The findings challenge some assumptions and confirm others. Traditional SEO metrics matter—but they only predict about 4-7% of citation behavior. So what’s driving the other 93-96%? That’s what Blyskal spent his presentation unpacking.
The New Reality: Answer Engines Arbitrate the Relationship
Blyskal opened with a framing that should be obvious but often isn’t stated clearly: answer engines now sit between users and websites. They arbitrate whether your brand, product, or service deserves to make it into the final answer.

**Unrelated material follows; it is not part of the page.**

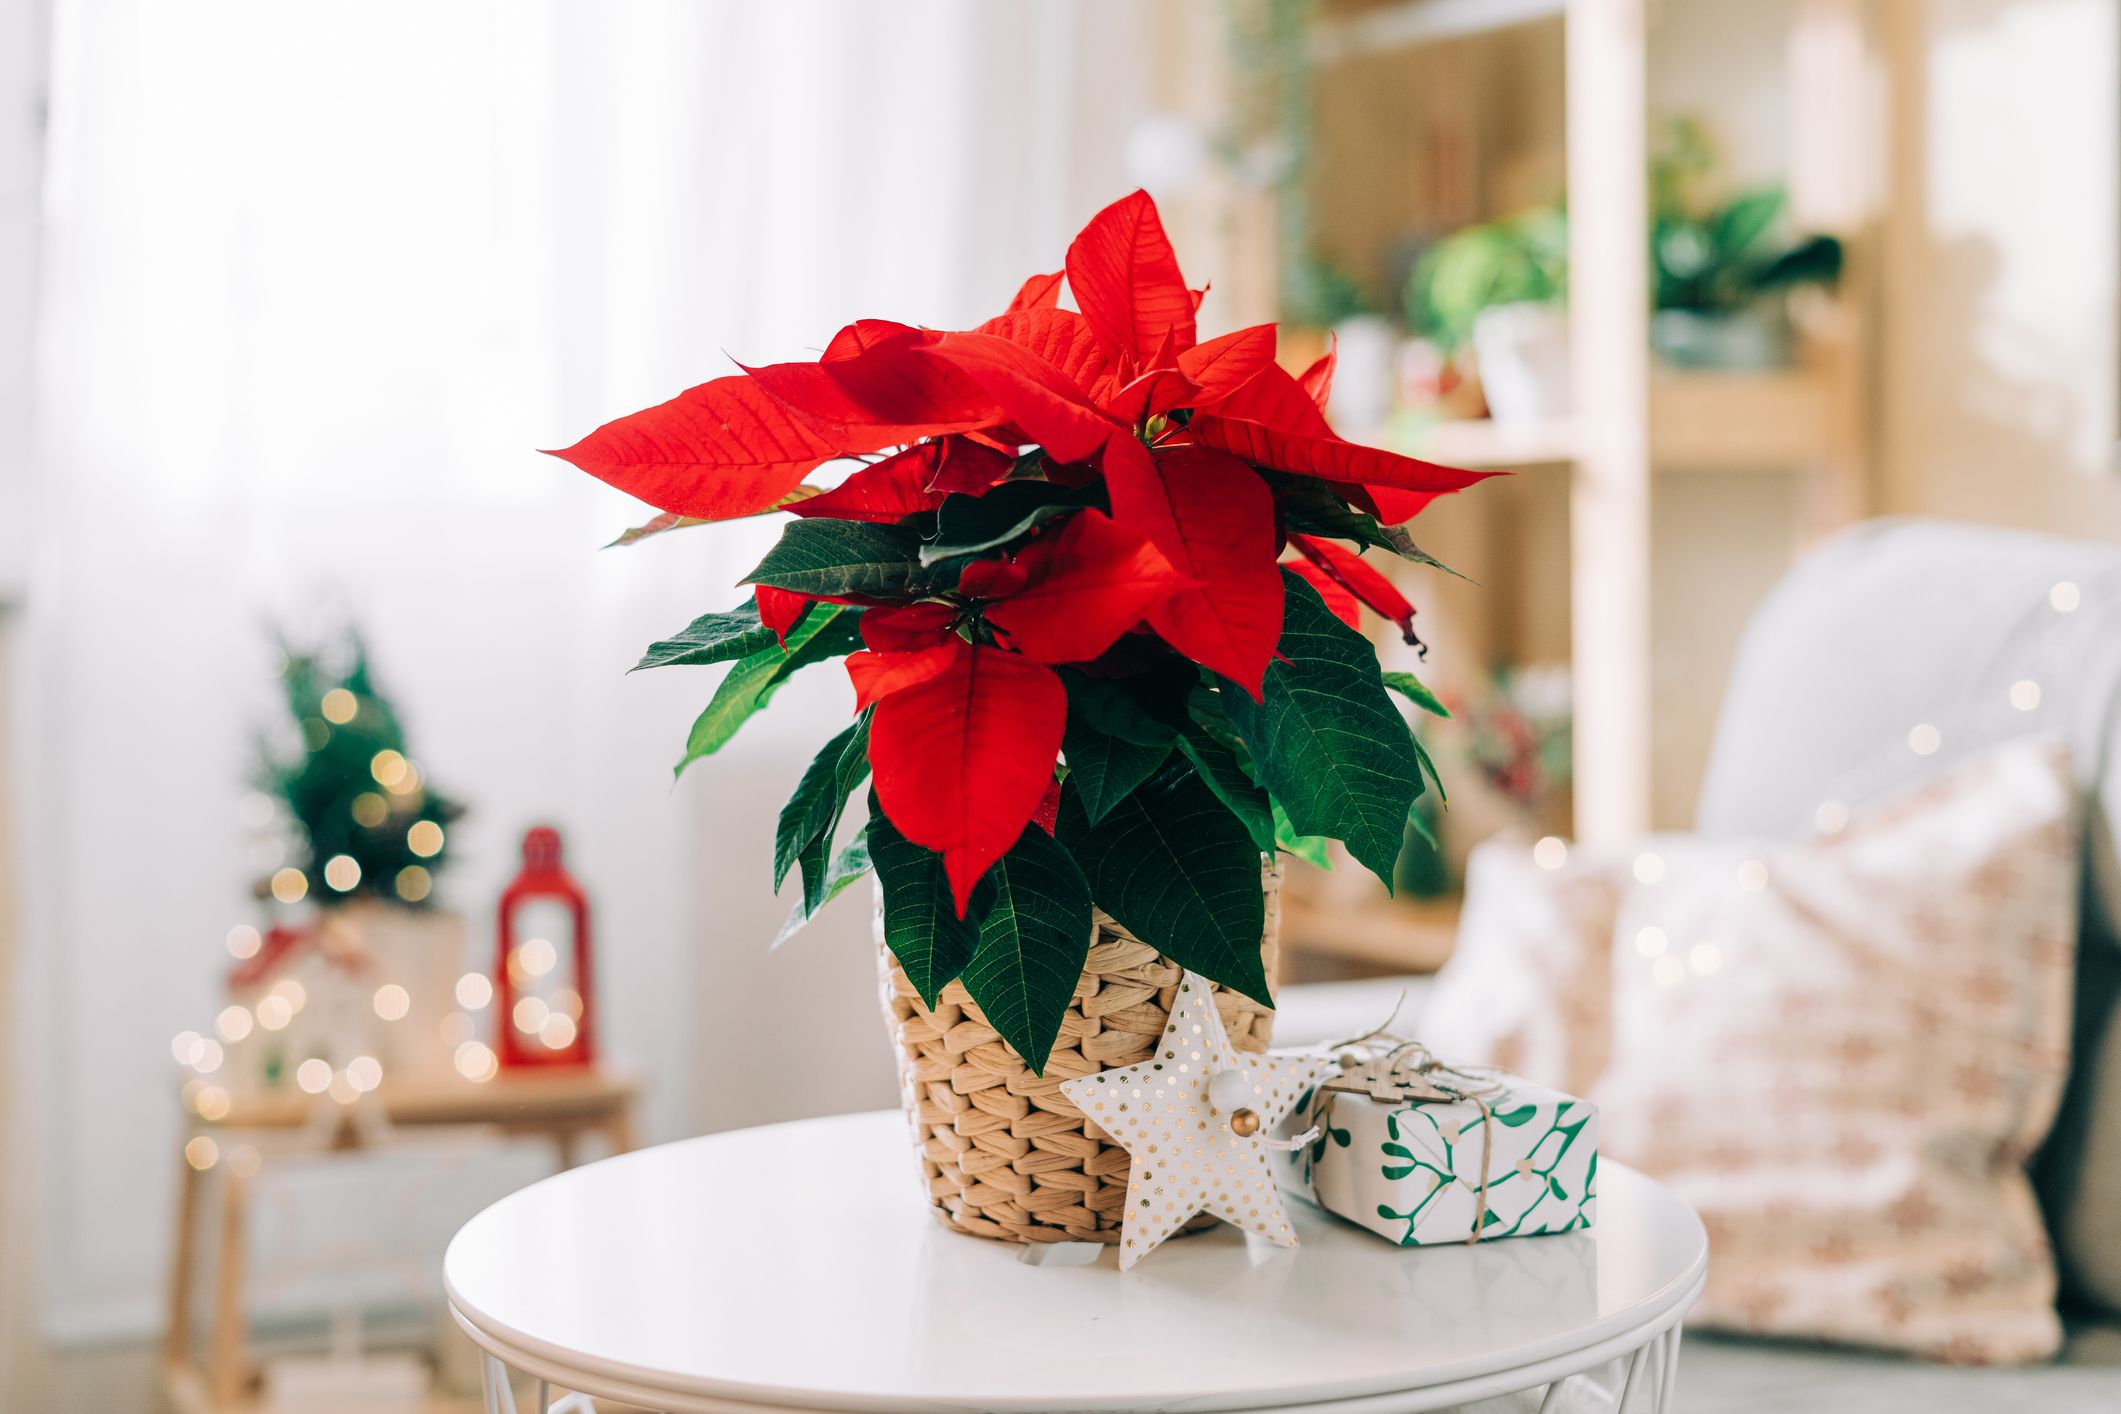 https://hips.hearstapps.com/hmg-prod/images/beautiful-poinsettia-in-wicker-pot-gifts-and-space-royalty-free-image-1697053005.jpg

The scale is staggering. ChatGPT is the fifth most-viewed website in the world. Google AI Overviews has 2 billion monthly active users. “Search is undergoing a fundamental shift,” Blyskal said. No argument there.
So what drives this new relationship? His team analyzed 1,311 pages to measure how traditional SEO metrics correlate with AEO performance. Referring domains, total backlinks, authority score—there’s a relationship, but the R-squared values were brutal: 0.066, 0.044, and 0.009. These metrics predict only 4-7% of citation behavior.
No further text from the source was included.